砰砰的巨響聲中,只見無數血色魔臉在秦野的雷森林柱之下都是轟然扭曲開來。
它們的面容都是在秦野的雷森林柱之下凹陷了下去,隨即噗噗的聲響之中,只見無數的魔臉轟然爆碎在虛空中開來。
那魔臉炸開的恐怖力量,亦是讓得秦野的雷森林柱之上布滿了一道道巨大而恐怖的裂縫。
但是它們粉碎那一張張魔臉,即便是即將粉碎的雷森林柱,依舊是穩穩的撞擊在余朽的血魔天碑之上。
亦或者是秦野那巨大的雷森林柱,洞穿過那魔臉的大口,直接撕裂開它們的面容都是扭曲開來。
無數的雷森林柱就這樣重重的撞擊在余朽的血魔天碑之中。
“雷森林柱”
而看著秦野的雷森林柱轟擊著自己血碑之中的魔臉都是轟然爆碎開來,余朽的面色頓時無比的難看。
“秦野,那我倒是想知道你的玄雷究竟有多恐怖能擋得住我的血碑”
余朽的雙目之中突然閃過一閃的狠意,只見他的身軀轟然自虛空中墜落而下,站在那血碑之上。
無數恐怖的元氣宛如潮水一般自他的身軀之中席卷而出,通過他的雙腳沒入進其腳下的血碑之中。

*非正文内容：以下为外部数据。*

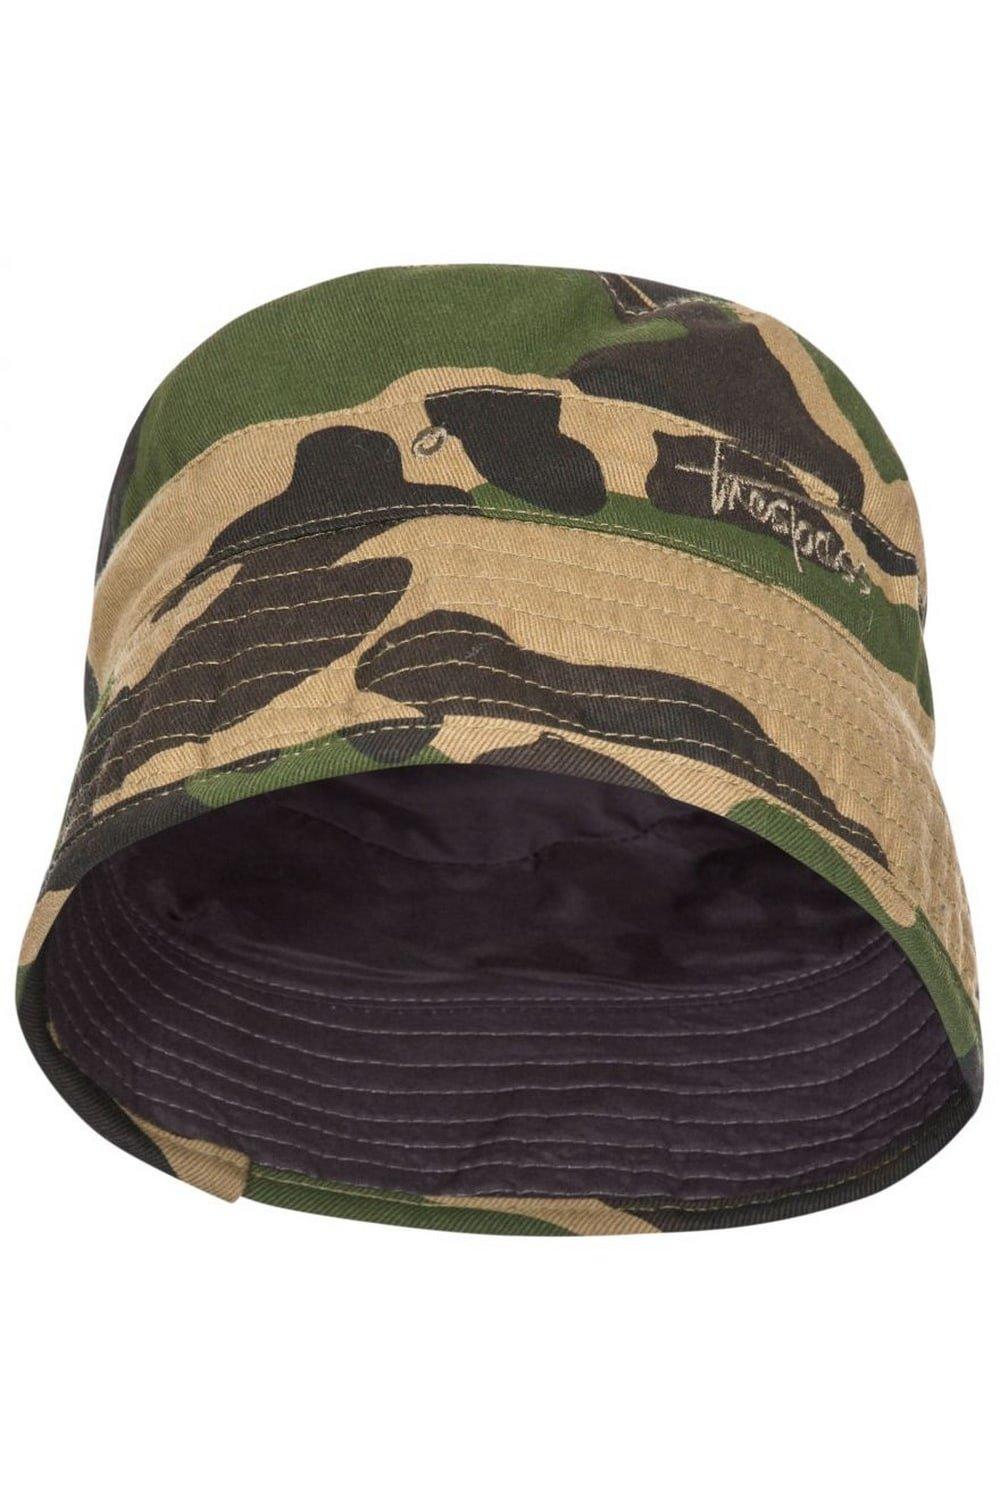 Летняя панама Zebedee Trespass, зеленый летняя вязаная шляпа рыбака с вырезами шляпа от солнца и солнца универсальная летняя шляпа от солнца уличные панамы

剎那間,在余朽那磅礴元氣的灌注之下,只見余朽腳下那原本百米大小的巨大恐怖血碑。
在此刻轟然暴漲之間,就直接化為了千米大小出現在虛空之上,其好似真的一塊血魔碑。
其自虛空中墜落而下,秦野那雷森林柱轟擊虛空中那一張張巨大的魔臉自血魔天碑之中掙脫而出,自虛空中落下,都是被秦野的雷森林柱轟然爆碎在虛空中開來。
無數的雷柱都是洞穿過魔臉,直接重重的撞擊在余朽的血魔天碑之上。
轟轟,恐怖的雷柱像是一擊擊重拳一般,重重的砸在余朽的血魔天碑之上,便是轟然爆碎開來。
秦野那雷森林柱炸開,一股股浩蕩的恐怖的力量宛如潮水一般灌注進余朽的血魔天碑之中。
使得那血魔天碑四周的虛空都是震蕩不已,一股股洶涌的力量讓得余朽的面色亦是微微一變。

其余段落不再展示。